– Как она не понимает, – восклицала Юлия, – что ты мучаешься из-за нее! Ну что ей стоит тебя отпустить!
– Да ведь она и отпустила меня, – говорил на это Павел.
– Нет, отпустить по-настоящему, там, внутри отпустить. Я бы на ее месте сказала тебе, что ты не виноват, что я счастлива уже тем, что счастлив ты, вот что бы я сказала.
– Она примерно это и говорит, – отвечал Павел и про себя добавлял, что этого недостаточно. Вот если бы Лиза не только пожелала ему счастья (что она, несомненно, и делала), но и признала, что он прав, – вот тогда он испытал бы облегчение. Необходимо Лизу убедить в том, что ее сознание праведности ложно, а у Павла есть все моральные основания вести себя так, как ему приятно. Разве я не этого именно хочу? И маркиз де Сад хотел того же самого.

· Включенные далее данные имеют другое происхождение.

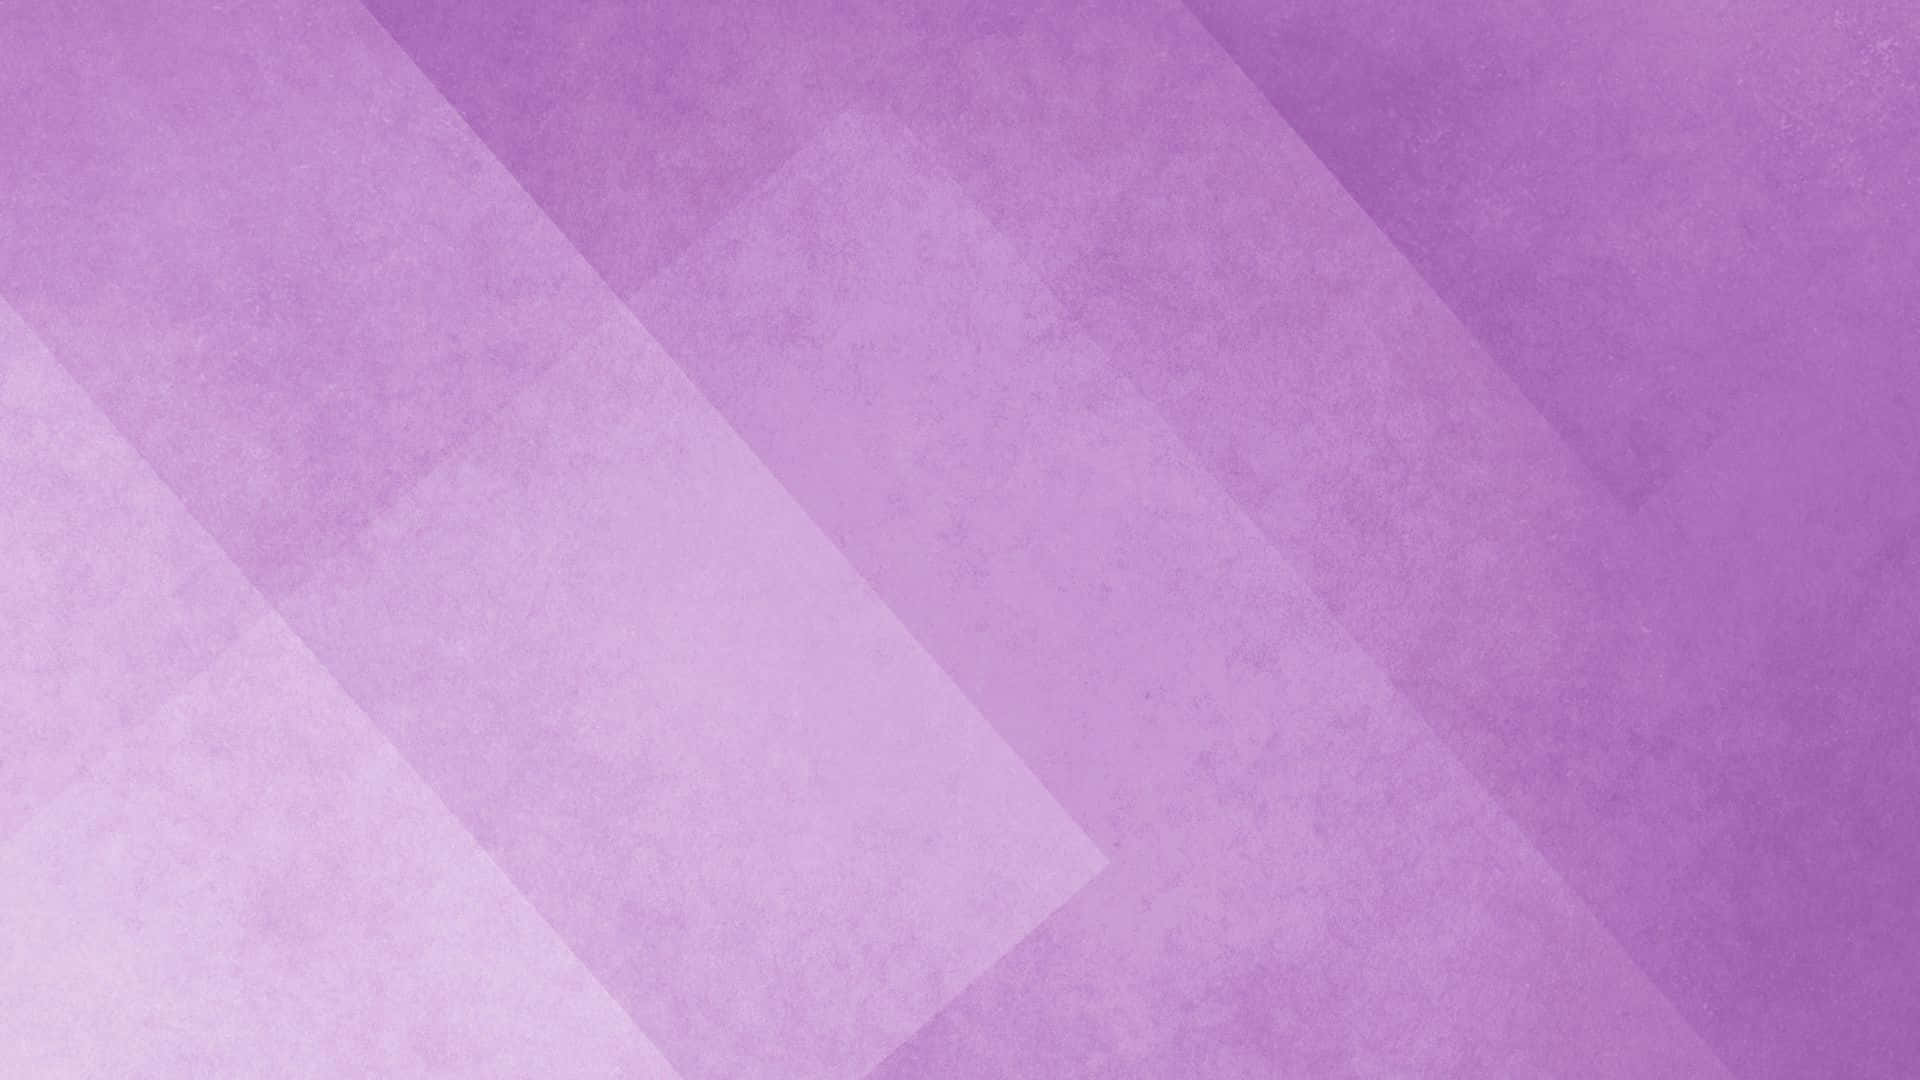 Fondoabstracto Cautivador Con Degradado Púrpura.

Метод борьбы с рабством был продиктован структурой христианского общества. Первым атакуют тот бастион, что представляет средоточие христианской догмы. Таким бастионом в христианской культуре является женский образ. Христианство воплощает свою мораль в образе Богоматери – на уровне веры, в культе Прекрасной Дамы – на уровне культуры, и в институте семьи – на уровне быта. Эти три образа христианская культура сливает в единый образ – его и надо атаковать во имя личной свободы. Богоматерь должна пасть – причем пасть в кровать, Прекрасной Дамой следует овладеть, а жену – передать для наслаждения другому. Утилитарное потребление христианского образа есть акт освобождения, который предлагает маркиз человечеству. Совокупления носят ритуальный характер, они являются авангардным произведением искусства – хеппенингом или перформансом, зовущим к прогрессу. Либертен не просто совокупляется – он своим членом атакует бастионы реакционной морали. Рецепт этот пришелся человечеству по вкусу – приятно сознавать, что, будучи скотиной, ты выполняешь духовную миссию. Христианская мораль учит испытывать стыд за свою животную природу, но маркиз говорит обратное: чем более ты проявишь себя животным, тем вернее станешь свободной личностью. Совокупляясь беспрерывно и оригинальными методами, либертен наносит удар за ударом по христианской морали, разрушает рабские стереотипы. Одновременно он разрушил представления о долге, любви, верности, защите – т. е. он разрушил не общественную мораль, но то, что является стержнем человеческого достоинства.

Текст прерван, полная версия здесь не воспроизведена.